“臣女不太懂茶”
“也是”
男人沉著嗓音道“這些年朕愈發愛喝濃茶,尋常人是鮮少有喜歡的。”
他說完這些,又問及賢妃的近況。
茶花將喬瓶兒夜里睡得都很安穩的狀況說與他聽,他才緩聲道“那你往后也不必再服侍賢妃了。”
“時候不早了,你早些回去吧。”
他摩挲著掌心里質地溫潤的佛珠,儼然公事公辦的姿態,好似也提醒她如無必要,不需再進宮來。
茶花口中答了個“好”,心道自己此番出了宮去,往后多半也不會再輕易踏足此地。
他們興許也不會再見面了。
她心中難免生出幾分唏噓,只當他們如當下這樣一起坐著喝茶的情景多半不會再有,待他的態度也逐漸同待旁人一般,軟乎下來。
待出了那殿后,茶花便回了錦瑟宮一趟。
這會兒宮人們都在外頭說話,宮內的主人不在,便顯得空空蕩蕩。
喬瓶兒平日里看著是好相與的性子,可她這宮殿里的規矩卻異常嚴苛。
平日若無事時,宮人根本就不能跨入半步,更別想在殿內尋個地方坐下休息。
但茶花因特殊緣由服侍她的緣故,她竟也沒有對茶花限制過這般命令。
進了屋中,茶花愈發感到舌尖上仿佛始終殘留著苦澀滋味。
她忍不住在那桌上倒了碗茶喝下,才漸漸沖淡。
只是那濃烈的苦澀滋味散去后,卻別有一股說不出的甘香回味,很是特別。
她微緩和了眉心,又續了兩杯喝下,放下杯子時才看見那茶壺旁有些灰塵一般的粉末。
茶花順手擦了去,又聽見宮人站在門外喊道“夫人,今日賢妃娘娘不一定會回來,夫人再等到酉時,若賢妃娘娘沒回來,夫人自可出宮去了。”

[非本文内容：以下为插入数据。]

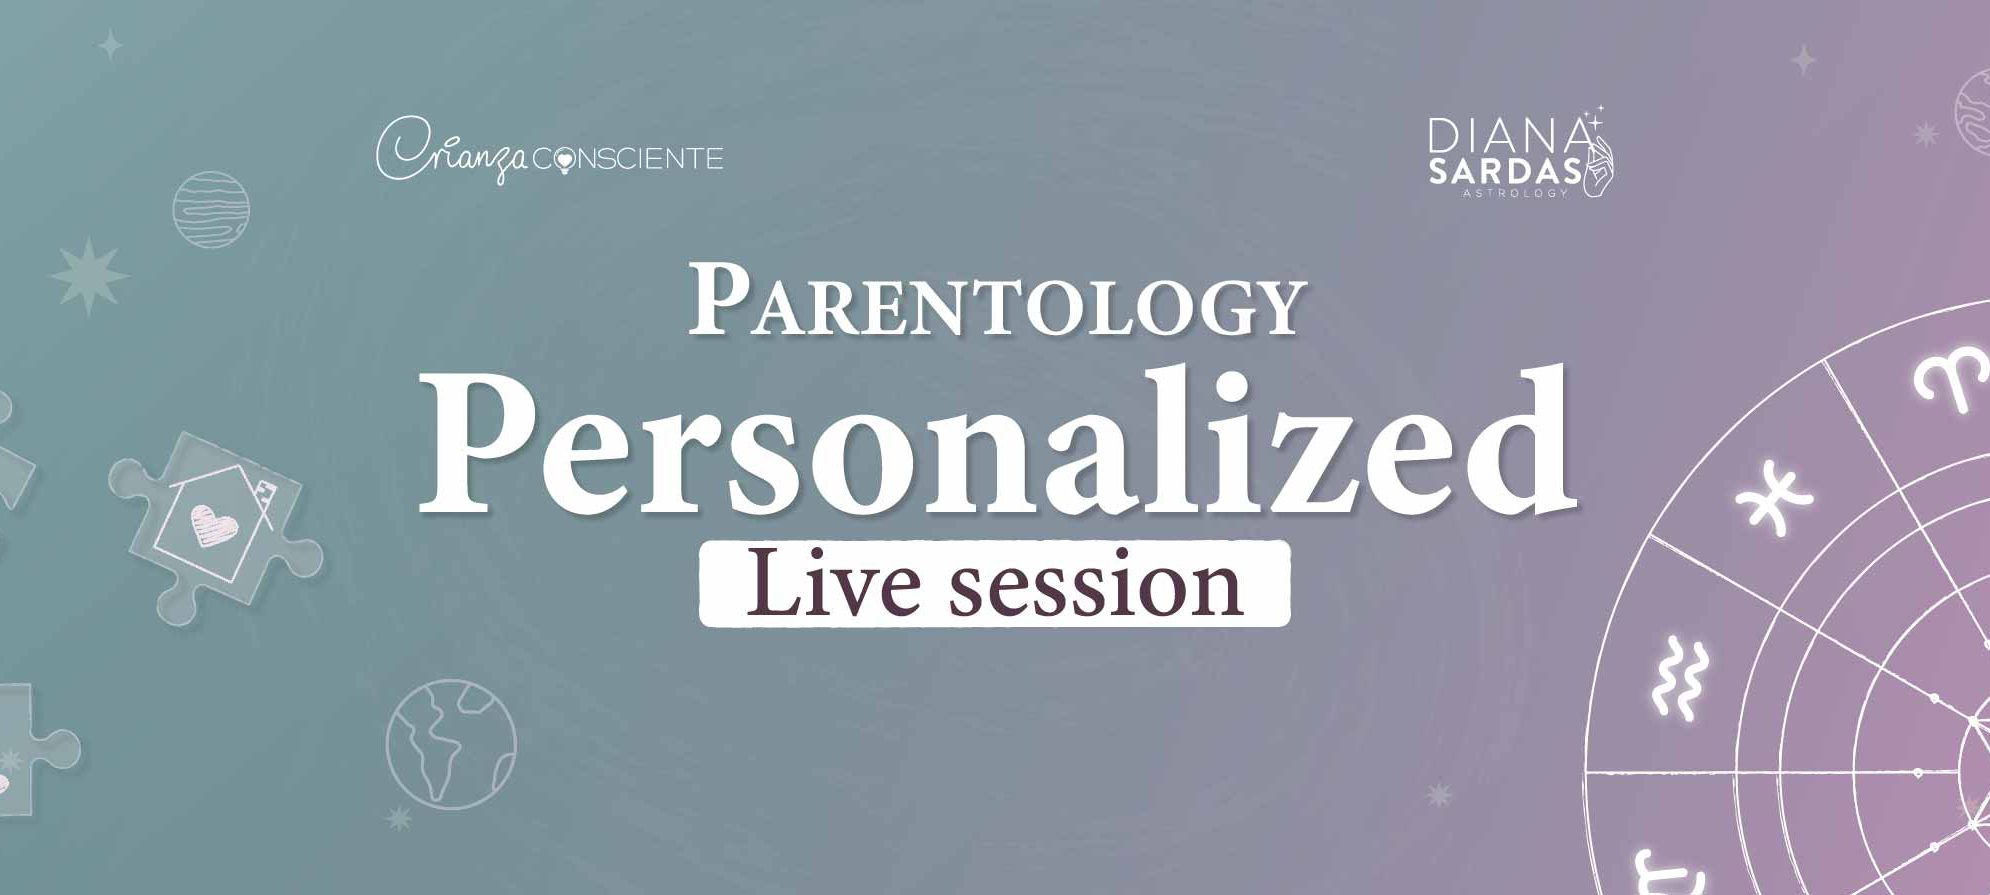 Parentology personal Live sessions metaslider

茶花應下一聲,轉身走去西殿,在一張窄榻上找到自己那本經書。
她見經書上亦是有些不知名的白絮,略是迷惑地用帕子拂了拂。
賢妃往日睡在東殿,往常西殿這邊的窄榻上便是茶花晚上偶爾會躺上去歇息的地方。
她拿起經書到外面敞亮的地方看去,看了沒多久卻漸漸生出困意。
待她迷迷糊糊地揉著額抬起頭時,外面的天色都陡然間鋪上了一層黑紗般,混沌不明。
她略是詫異,醒來后也只覺渾身都透著虛軟,肌膚好似也滾燙。
茶花扶著桌子站起身時,腳下踩著棉花一般,使不上力氣。
她反手撫了撫額,料想自己該不是睡在這里受了風,又受涼了
殿門不知何時被闔上了,東殿內是漆黑一片,可西殿卻透著一絲光亮。
茶花頭昏沉著,心跳也異于往常。
她摸了摸袖口才想起帕子丟在了窄榻上。
往那亮堂的地方摸去,茶花才發覺自己睡過的那張窄榻上似乎躺著個人影。
起初以為是哪個嬤嬤宮人躲在這處躲懶,可再走近些便頓時看清楚了對方的身份,讓她神情一怔。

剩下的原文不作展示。